Morton Arboretum turns back natural clock to return woodlands to savanna
January 13, 2009
Scientists use U.S. Public Land Surveys in an attempt to restore the habitat of Morton Arboretum's East Woods to what it had been before European settlers cut it down and plowed it under.
Staff, volunteers research history of land, remove invasive species
By William Mullen | Tribune reporter
January 12, 2009
Generations of scientists from the Morton Arboretum have investigated forest and woodland plants across the globe, bringing back thousands of trees, shrubs and other plants to study and grow on 1,700 acres in Lisle.
But for all their knowledge of far-flung ecosystems, the arboretum's scientists had never looked very deeply at the one that used to dominate their own property-the one that thrived before European settlers cut it down and plowed it under.

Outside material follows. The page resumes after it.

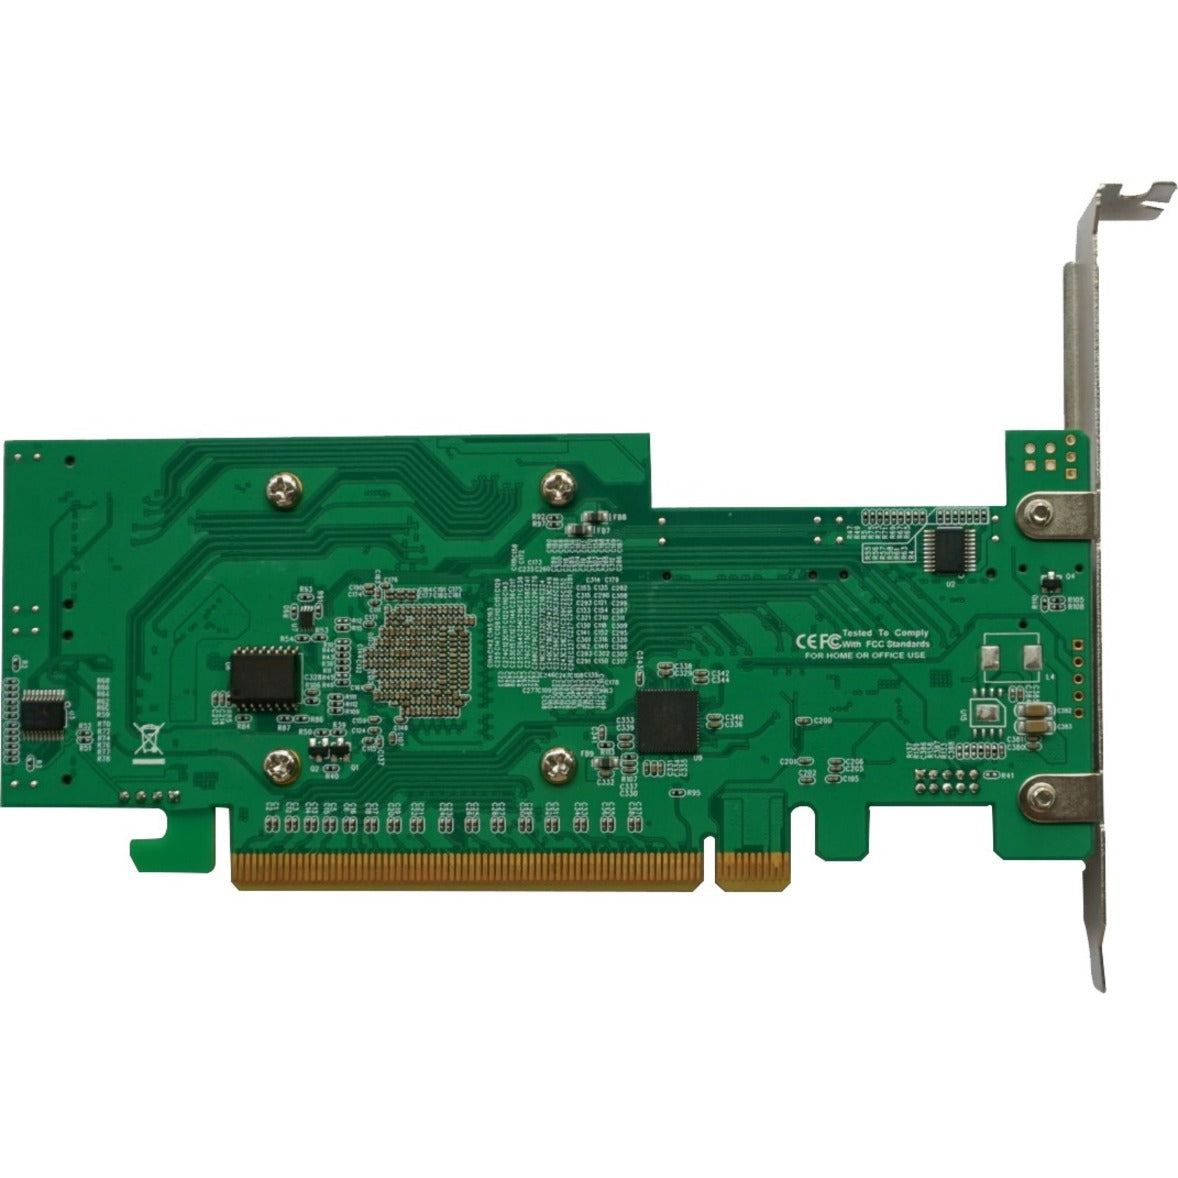 HighPoint SSD7580A NVMe Controller, PCIe 4.0 x16 RAID Controller for High-Speed Storage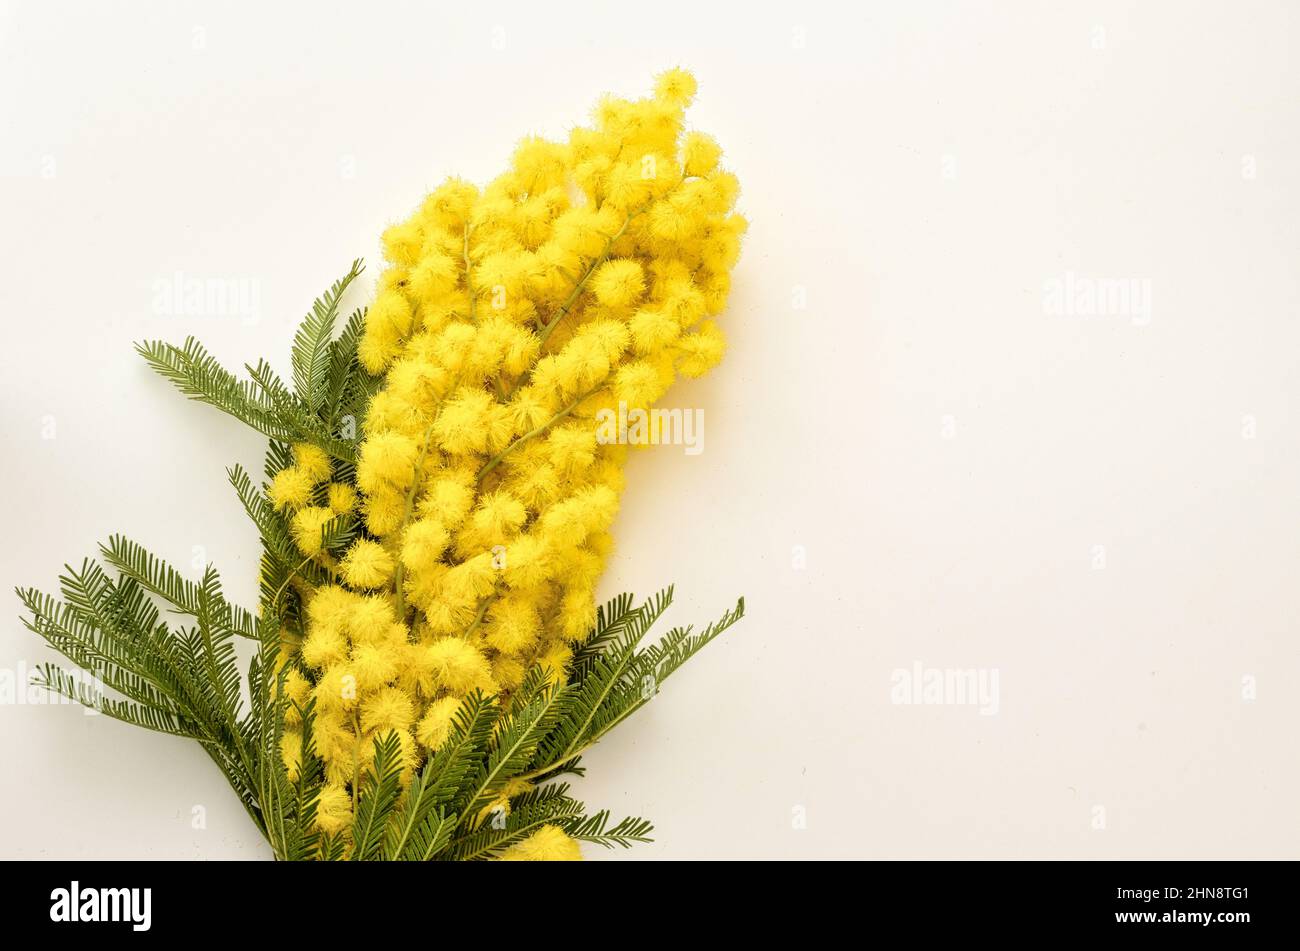 floral arrangement made up of a bunch of mimosa (Acacia dealbata) on the occasion of March 8 ,celebration of Women’s Day. Stock Photo

Now a team of scientists and volunteers is researching that vanished ecosystem and beginning to try to replicate it on a 60-acre demonstration plot in the arboretum's popular East Woods. Just two years in, they already are seeing long-dormant native plants rebounding in an area formerly choked with invasive species.
The team believes what they are gleaning from history and experimentation will be invaluable to land conservation efforts all over the upper Midwest, especially prairie savanna landscapes.
"In order to understand what we have, we need to understand what has been here in the past," said Kurt Dreisilker, Morton's manager of natural resources. "What happened here was not unique to the arboretum, so what we learn will be useful all over the region."